# Lighting and audio control



## unity (Sep 19, 2010)

Hey all, I haven't posted here yet but I frequent the forums to figure out these cool ideas. I was looking around one day and found 



.

It's in the replica "haunted mansion" that was for sale (or still might be!). I've been trying to figure out for the longest time how to make all of this happen but I keep just searching into impractical dead ends.

I understand the mirror, that's not the question here. The fact that the faucet acts as a switch that triggers the light and audio is what gets me. Also, the lighting sequence is getting at me too.

The light will do a flicker and then fade in the room and then a light comes on behind the mirror, but I can't seem to find something to control that.

Please help me satisfy my curiosity on this with all your spooky-haunty knowledge!


----------



## theundeadofnight (Aug 14, 2011)

Hi Unity ,

I think they are using dmx show control . I would use a Martin Light Jockey with dmx dimmers and program the dimmer cues . You can also use the cue list control to trigger audio cues on your laptop in your cuelist . The faucet could just be a relay to trigger the GO command in your cue list . Lots of creative tech minded people on this forum , I am sure you will see a lot of suggestions to do this effect .


----------



## george_darkhill (Aug 8, 2013)

I would use dmx control, with an Enttec Open DMX USB interface and an eXorcist V2 board. I would also use VSA and DMXorcist software to program and cue.

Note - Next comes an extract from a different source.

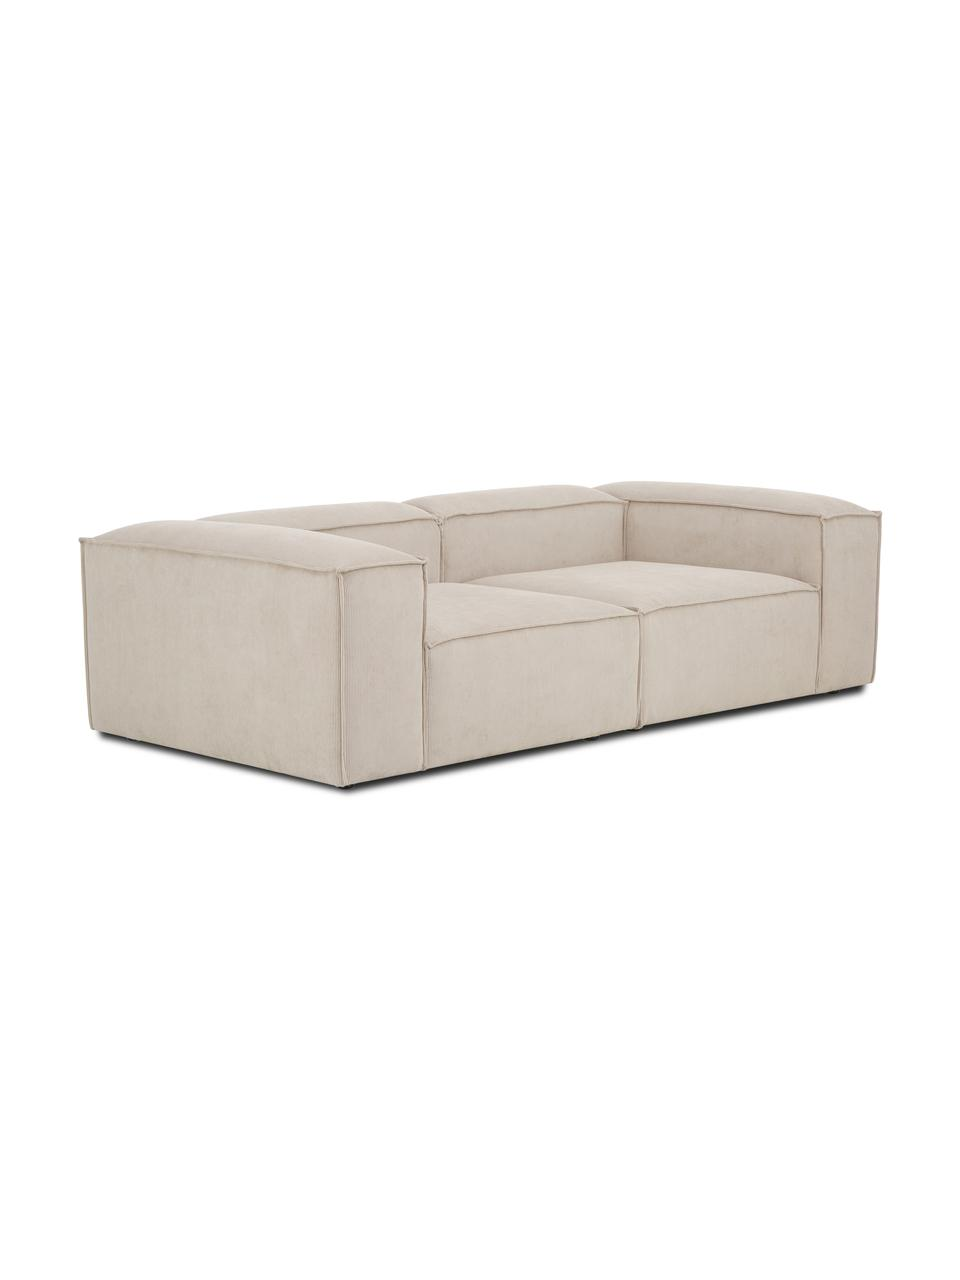 Sofa modułowa ze sztruksu Lennon (3-osobowa), Tapicerka: sztruks (92% poliester, 8, Stelaż: lite drewno sosnowe, skle, Nogi: tworzywo sztuczne Nogi zn, Sztruksowy beżowy, S 238 x G 119 cm

Here is a great tutorial from Terra on DMX haunt control: http://www.halloweenforum.com/blogs/terra/834-integrated-haunt-control-using-dmx-vsa-tutorial.html


----------



## stagehand1975 (Feb 22, 2010)

This effect could be done with some basic prop controllers. There are some controllers out put there with audio capability and other devices that can do the dimming that can be wired in to the controllers. 

You can also look into a light o rama system. I only suggest that because its triggerable with the right hardware, is capable of dmx, it can run a different program each time and be setup to run other things in the haunt at the same time.


----------